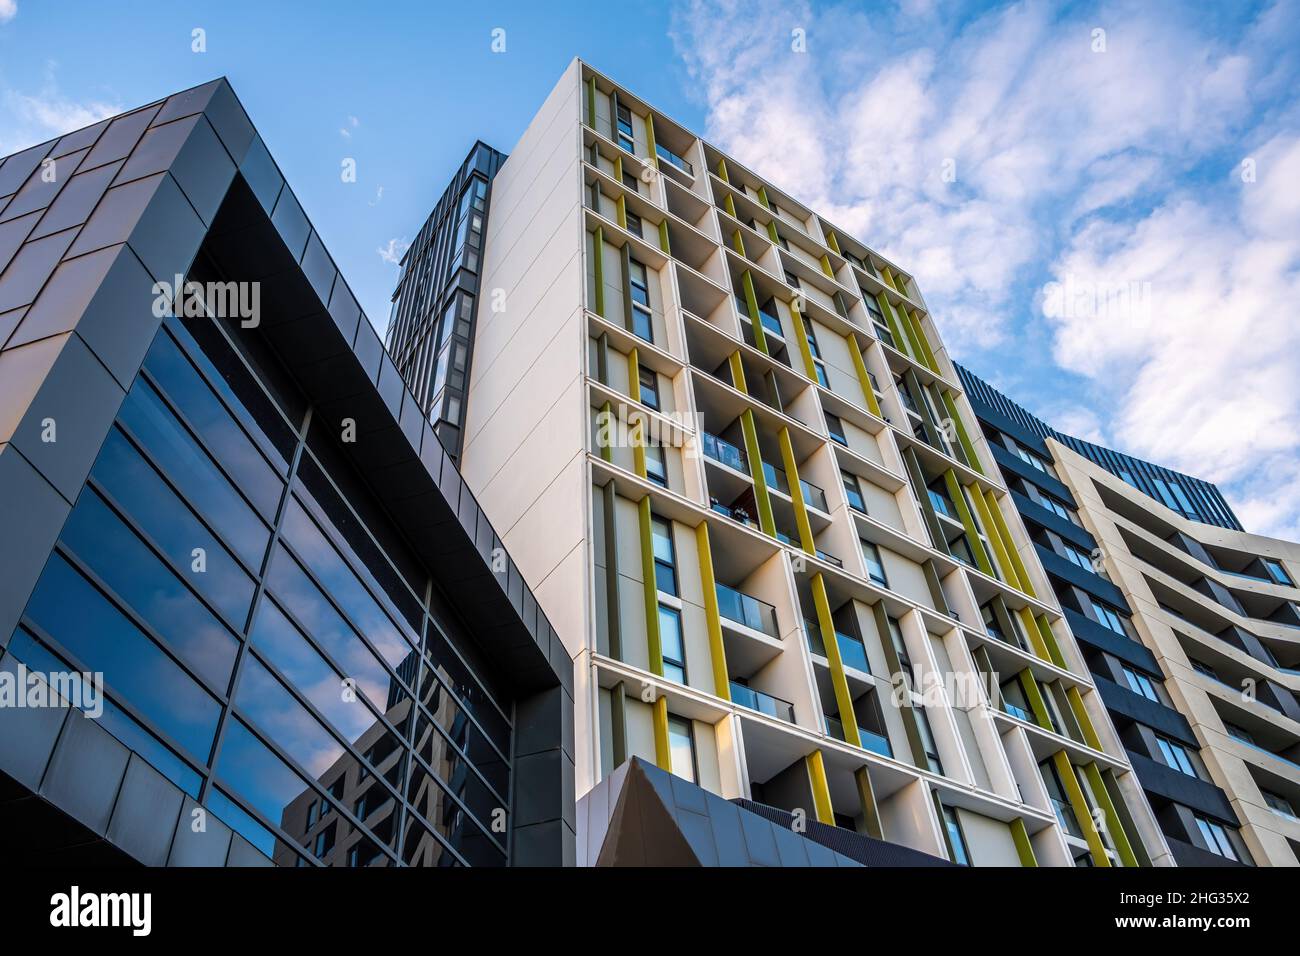 Looking up at modern residential buildings and blue sky Stock Photo
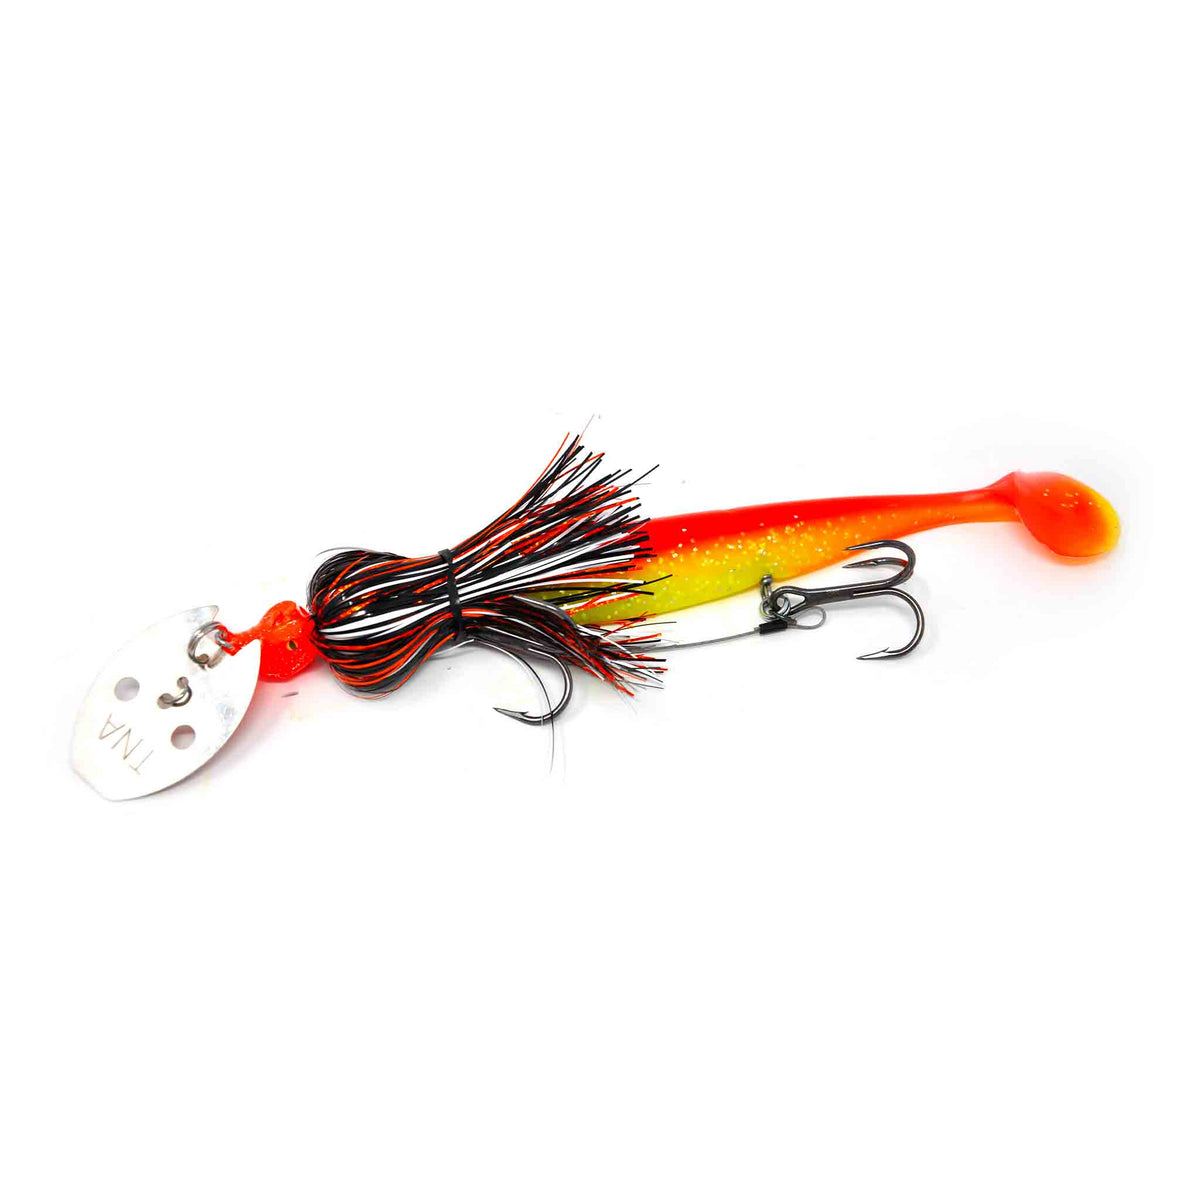 View of Chatterbaits TnA Tackle Waggin Dragon Chatterbait Ball Licker available at EZOKO Pike and Musky Shop
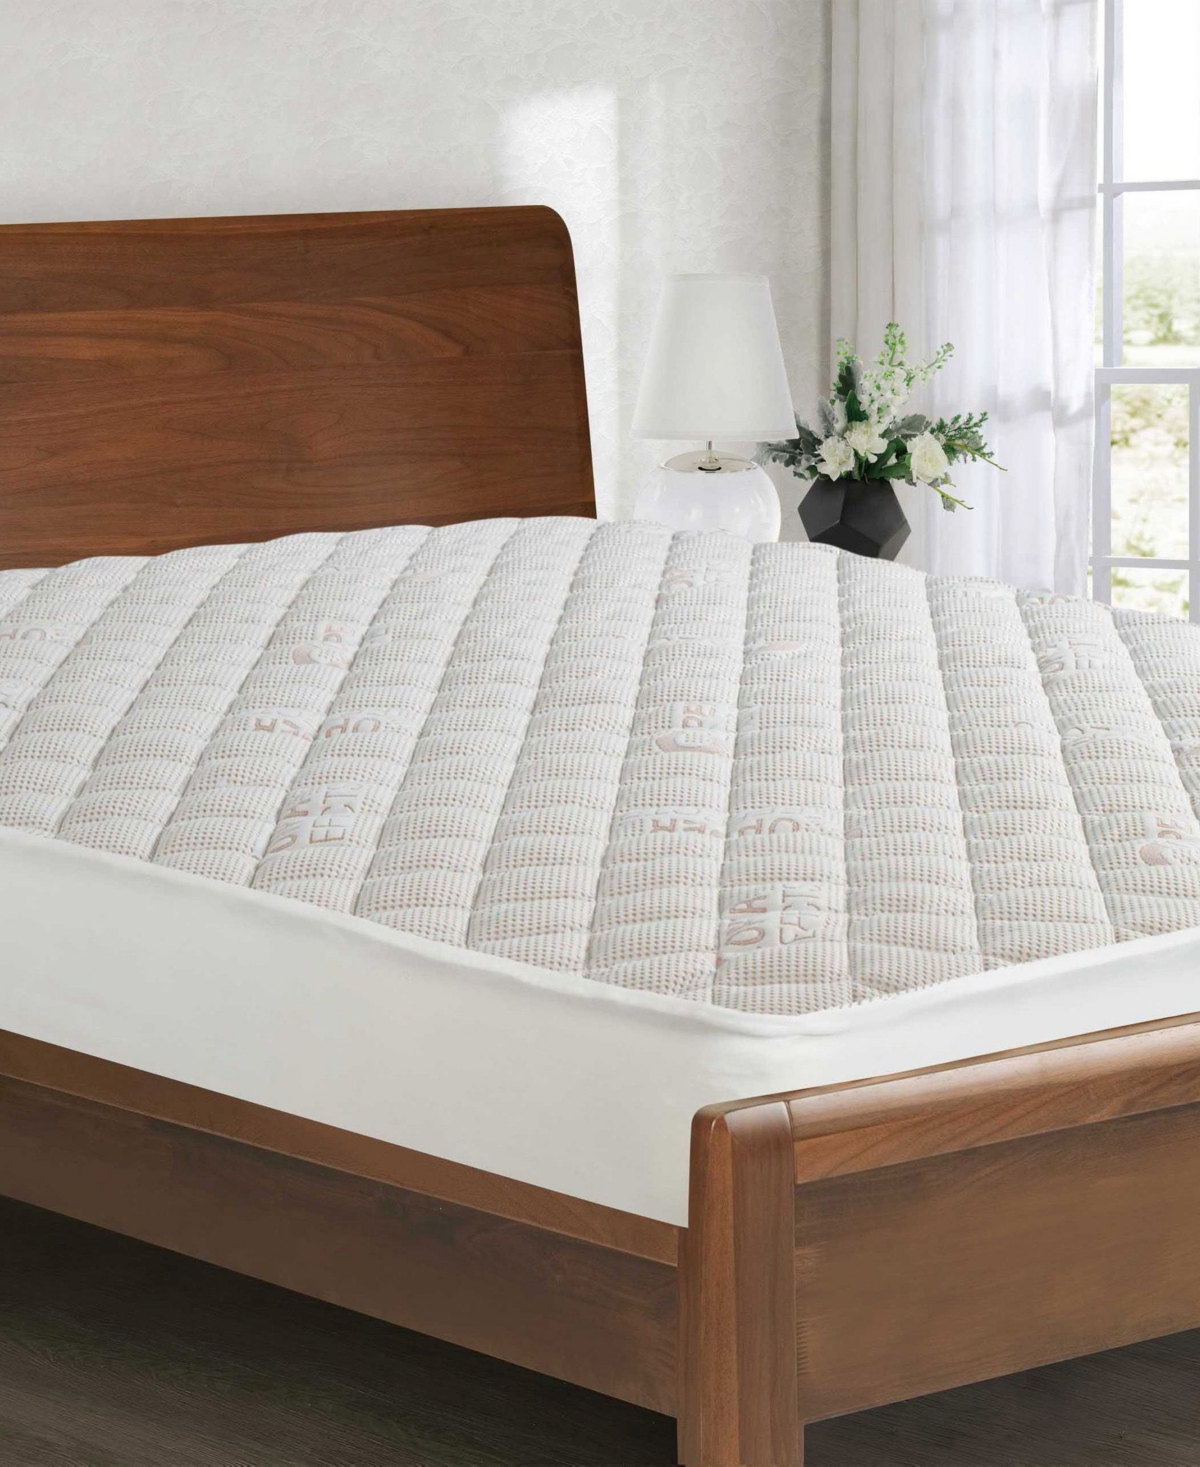 All-In-One Copper effects Fitted Mattress Pad, King
☆ ☆ ☆ ☆ ☆
What is required: Return the listing verbatim; pictures are not part of the copy.

Response:
 Looking up at modern residential buildings and blue sky Stock Photo
 View of Chatterbaits TnA Tackle Waggin Dragon Chatterbait Ball Licker available at EZOKO Pike and Musky Shop
 All-In-One Copper effects Fitted Mattress Pad, King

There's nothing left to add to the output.